OOM error; mem cost keep growing!

Question

OOM error; mem cost keep growing!

35p32 opened this issue 3 years ago · comments

(Thanks for your excellent work bro ! this paper is really nice and amazing~
When i try to train the lepard myself ( I only change the "batchsize=1" and "num_workers=0"), i found the memory is keep raising(i have 126g mem, lepard almost cost 100g and still raising ), finally it was killed by linux

Have you encountered this kind of problem before?
I did not change your code, i guess this problem come from dataloader? can you give me some suggestions ?

Yang Li · Answer 1 · Fri Dec 24 2021 12:19:01 GMT+0800 (China Standard Time)

Hi, I just tested this code again with bsize=8 on a 80GB GPU card. I did not got a OOM error.
Since you have a much larger GPU mem. It should be fine.
If its the dataloader, you can try to modify the dataset to over-fit only one sample.

35.32 · Answer 2 · Fri Dec 24 2021 15:00:16 GMT+0800 (China Standard Time)

thanks for your replay , i have enough GPU , the problem is the "memory” OOM
when i just loop the dataloader and do nothing else, i found the "memory" keep growing.
May be memory leakage?

35.32 · Answer 3 · Fri Dec 24 2021 17:36:02 GMT+0800 (China Standard Time)

For example, in your "forward" source code , i use memory moniter to debug the memory leckage. I find some problem blew
(Right part is your source code， left part is the memory cost（not gpu cost）for every line, please mention the "Increment " colume which means the increase memory for every forward

When i forward once , [Line 26] increase 3.9M memory ， when i forward twice ,[Line 26] may be increase 3.9 + 3.9 =7.8M memory. When i forward one epoch(about 20000+ times) , [Line 26] increase 80G memory

bitm · Answer 4 · Fri Dec 24 2021 18:36:55 GMT+0800 (China Standard Time)

Does this mean all the functions causes memory leakage?
The training takes 15+ epochs on my machine, and works totally fine.
No idea of what's going on.

35.32 · Answer 5 · Wed Jan 12 2022 11:00:45 GMT+0800 (China Standard Time)

Does this mean all the functions causes memory leakage? The training takes 15+ epochs on my machine, and works totally fine.

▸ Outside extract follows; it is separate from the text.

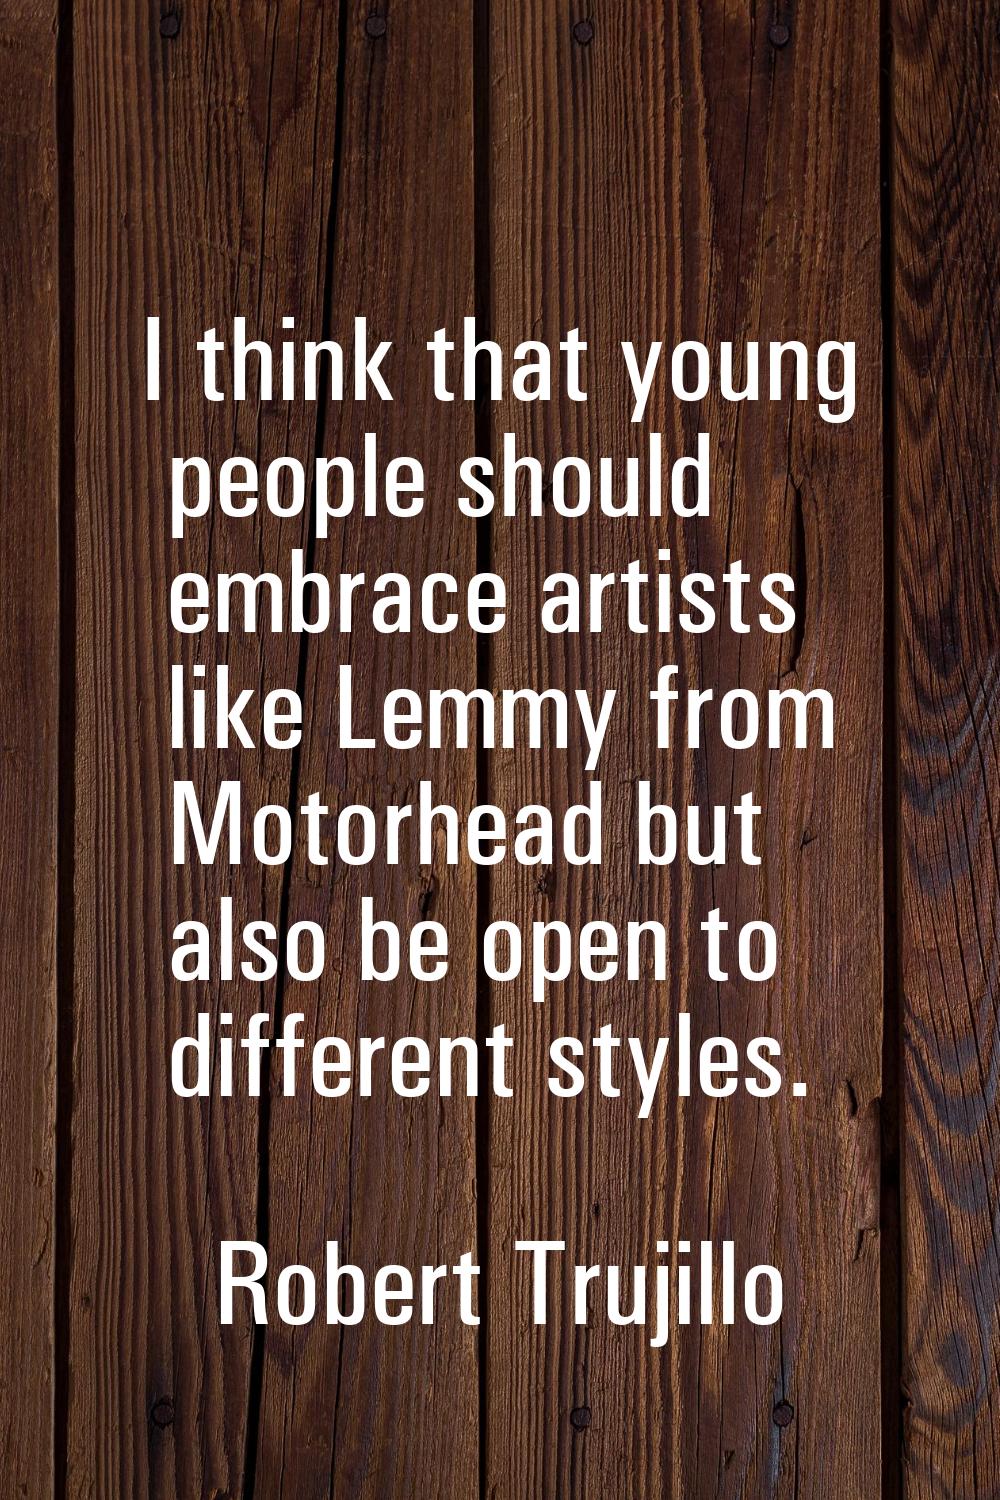 I think that young people should embrace artists like Lemmy from Motorhead but also be open to diff

No idea of what's going on.

Sir,Could you please let me know if you can reproduce the result on 3DMatch&3DLomatch?

35.32 · Answer 6 · Wed Jan 12 2022 11:02:24 GMT+0800 (China Standard Time)

Does this mean all the functions causes memory leakage? The training takes 15+ epochs on my machine, and works totally fine. No idea of what's going on.

Thank you so much

bitm · Answer 7 · Wed Jan 12 2022 19:16:10 GMT+0800 (China Standard Time)

Does this mean all the functions causes memory leakage? The training takes 15+ epochs on my machine, and works totally fine. No idea of what's going on.

Sir,Could you please let me know if you can reproduce the result on 3DMatch&3DLomatch?

Yes, I can reproduce the results.

chalth · Answer 8 · Mon Apr 24 2023 11:04:37 GMT+0800 (China Standard Time)

Hi， I meet the same problem, did you slove it?

ACuOoOoO · Answer 9 · Fri Jul 14 2023 14:55:46 GMT+0800 (China Standard Time)

I find that the problem is caused by AverageMeter.update() in a training step. I solve the problem by detach the input tensor during the accumulation in AverageMeter.update().